* WHAT IS REQUIRED *
Beginning with the line containing "فرق برنج طارم با دیگر برنج ها" and ending with the line containing "Cover - Beverly Hills Cop II.jpg", write out each line of the records below exactly; pictures and lines outside that range are left out.

* WORKING DATA *
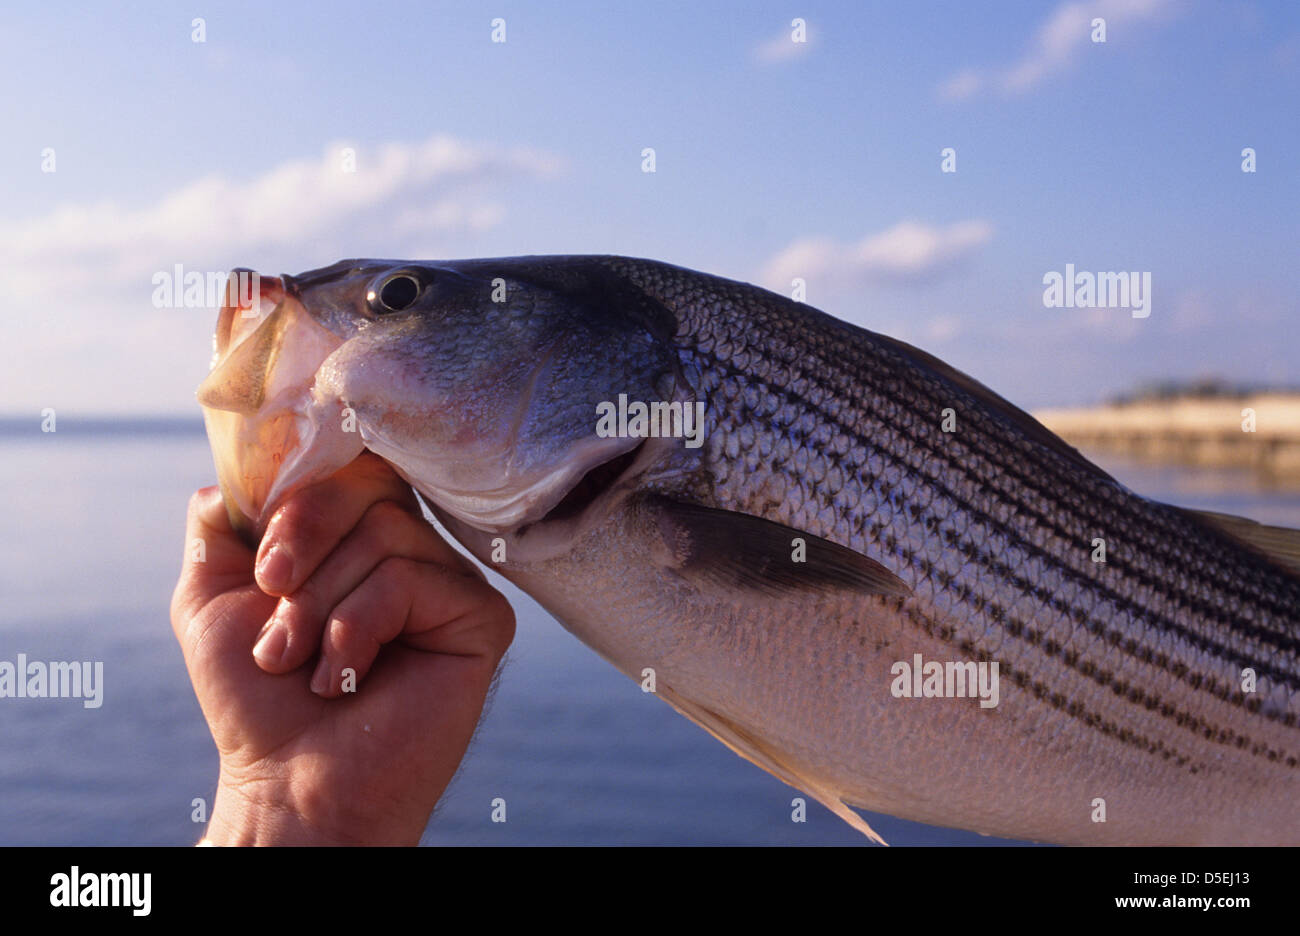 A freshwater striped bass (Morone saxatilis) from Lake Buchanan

--

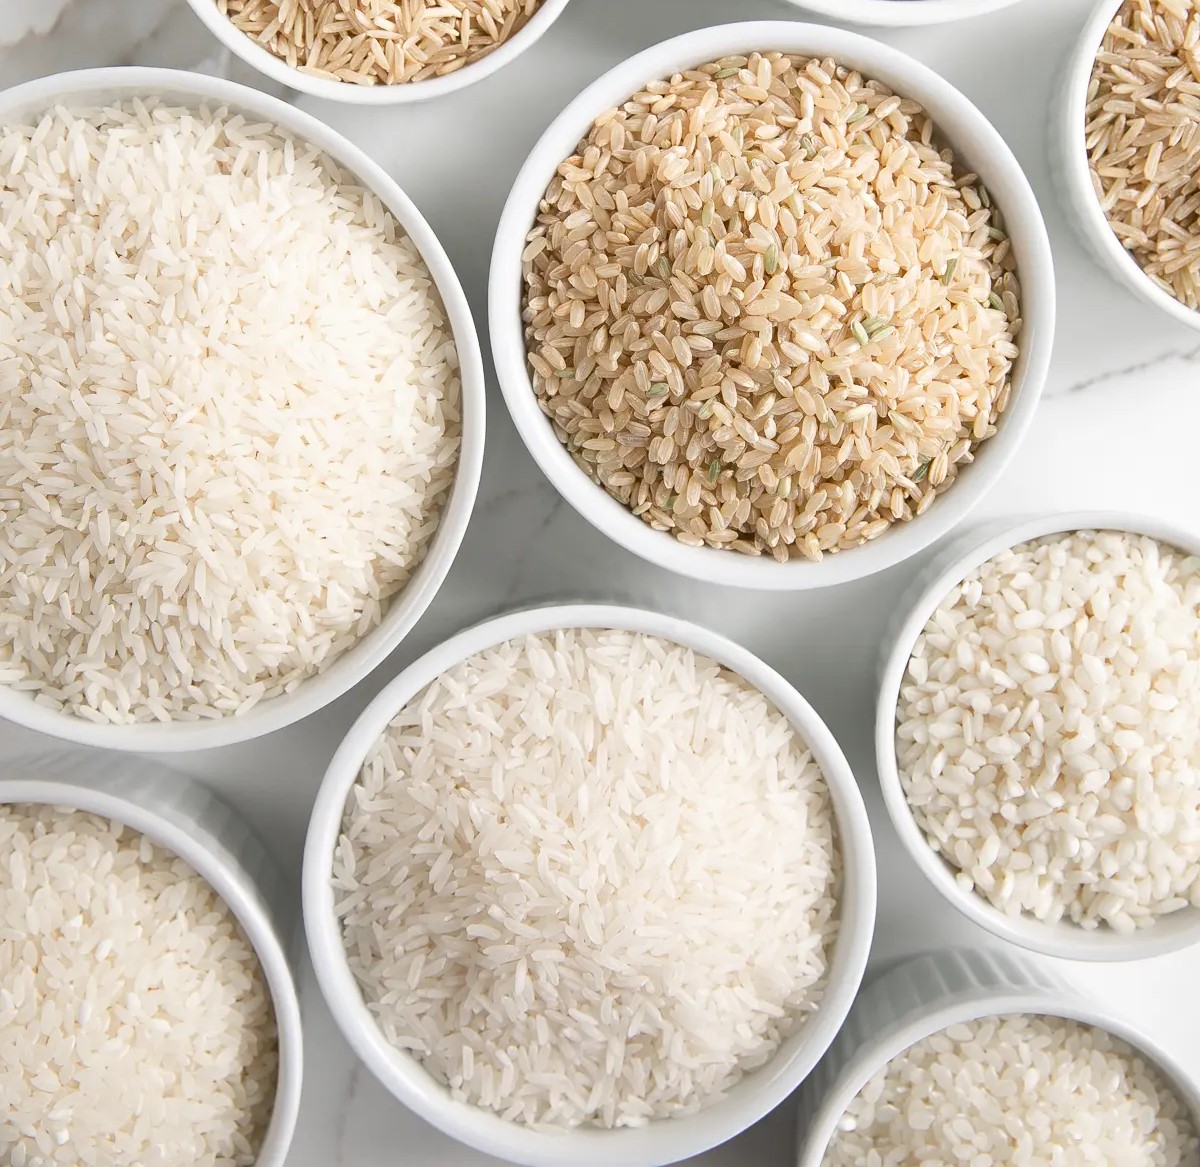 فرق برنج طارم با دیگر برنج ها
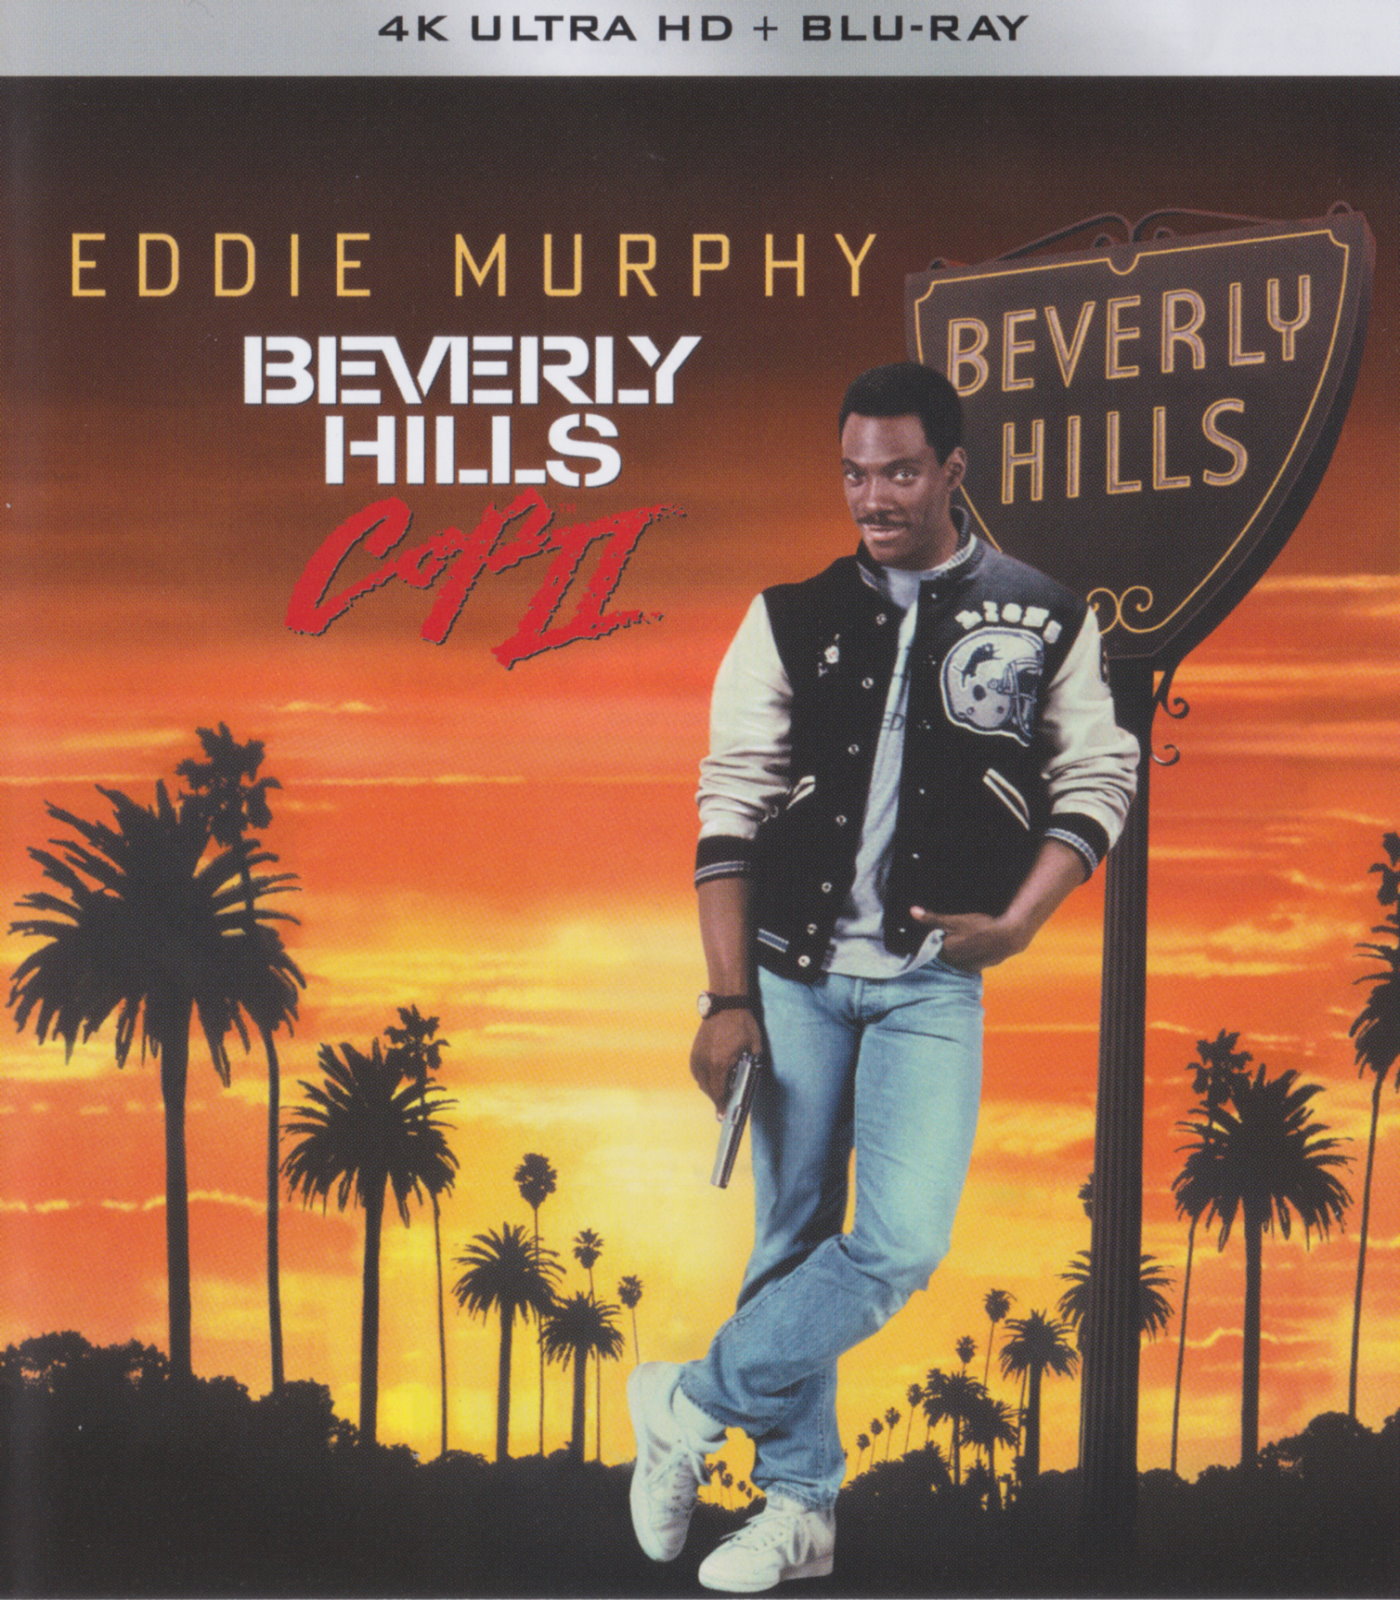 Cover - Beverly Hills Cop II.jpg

* TASK RESPONSE *
 فرق برنج طارم با دیگر برنج ها
 Cover - Beverly Hills Cop II.jpg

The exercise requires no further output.